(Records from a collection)
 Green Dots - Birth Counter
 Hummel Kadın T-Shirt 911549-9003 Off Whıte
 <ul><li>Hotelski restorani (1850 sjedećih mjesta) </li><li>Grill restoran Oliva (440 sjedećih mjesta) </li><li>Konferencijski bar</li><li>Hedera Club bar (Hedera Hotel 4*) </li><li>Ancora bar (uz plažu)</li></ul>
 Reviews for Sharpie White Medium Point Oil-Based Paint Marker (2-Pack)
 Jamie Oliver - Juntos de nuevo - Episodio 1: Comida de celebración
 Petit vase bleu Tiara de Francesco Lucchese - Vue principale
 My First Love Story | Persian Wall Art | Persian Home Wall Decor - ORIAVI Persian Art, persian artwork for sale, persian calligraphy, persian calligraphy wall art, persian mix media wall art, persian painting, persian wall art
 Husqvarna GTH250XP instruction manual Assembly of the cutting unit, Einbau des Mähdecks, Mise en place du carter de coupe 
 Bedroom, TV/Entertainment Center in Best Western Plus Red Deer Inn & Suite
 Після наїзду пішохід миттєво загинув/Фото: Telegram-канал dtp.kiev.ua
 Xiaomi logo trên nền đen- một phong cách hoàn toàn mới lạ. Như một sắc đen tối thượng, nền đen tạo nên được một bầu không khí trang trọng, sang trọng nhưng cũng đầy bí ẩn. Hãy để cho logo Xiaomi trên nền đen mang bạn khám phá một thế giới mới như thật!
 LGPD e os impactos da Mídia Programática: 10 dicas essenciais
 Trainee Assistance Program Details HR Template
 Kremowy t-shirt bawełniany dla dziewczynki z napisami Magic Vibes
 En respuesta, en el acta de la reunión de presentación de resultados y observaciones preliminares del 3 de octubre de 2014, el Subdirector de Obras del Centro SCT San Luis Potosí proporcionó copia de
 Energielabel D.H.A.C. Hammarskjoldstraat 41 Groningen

Work task: The reply should be a precise retyping of all the data.

Written solution:
 Green Dots - Birth Counter
 Hummel Kadın T-Shirt 911549-9003 Off Whıte
 <ul><li>Hotelski restorani (1850 sjedećih mjesta) </li><li>Grill restoran Oliva (440 sjedećih mjesta) </li><li>Konferencijski bar</li><li>Hedera Club bar (Hedera Hotel 4*) </li><li>Ancora bar (uz plažu)</li></ul>
 Reviews for Sharpie White Medium Point Oil-Based Paint Marker (2-Pack)
 Jamie Oliver - Juntos de nuevo - Episodio 1: Comida de celebración
 Petit vase bleu Tiara de Francesco Lucchese - Vue principale
 My First Love Story | Persian Wall Art | Persian Home Wall Decor - ORIAVI Persian Art, persian artwork for sale, persian calligraphy, persian calligraphy wall art, persian mix media wall art, persian painting, persian wall art
 Husqvarna GTH250XP instruction manual Assembly of the cutting unit, Einbau des Mähdecks, Mise en place du carter de coupe 
 Bedroom, TV/Entertainment Center in Best Western Plus Red Deer Inn & Suite
 Після наїзду пішохід миттєво загинув/Фото: Telegram-канал dtp.kiev.ua
 Xiaomi logo trên nền đen- một phong cách hoàn toàn mới lạ. Như một sắc đen tối thượng, nền đen tạo nên được một bầu không khí trang trọng, sang trọng nhưng cũng đầy bí ẩn. Hãy để cho logo Xiaomi trên nền đen mang bạn khám phá một thế giới mới như thật!
 LGPD e os impactos da Mídia Programática: 10 dicas essenciais
 Trainee Assistance Program Details HR Template
 Kremowy t-shirt bawełniany dla dziewczynki z napisami Magic Vibes
 En respuesta, en el acta de la reunión de presentación de resultados y observaciones preliminares del 3 de octubre de 2014, el Subdirector de Obras del Centro SCT San Luis Potosí proporcionó copia de
 Energielabel D.H.A.C. Hammarskjoldstraat 41 Groningen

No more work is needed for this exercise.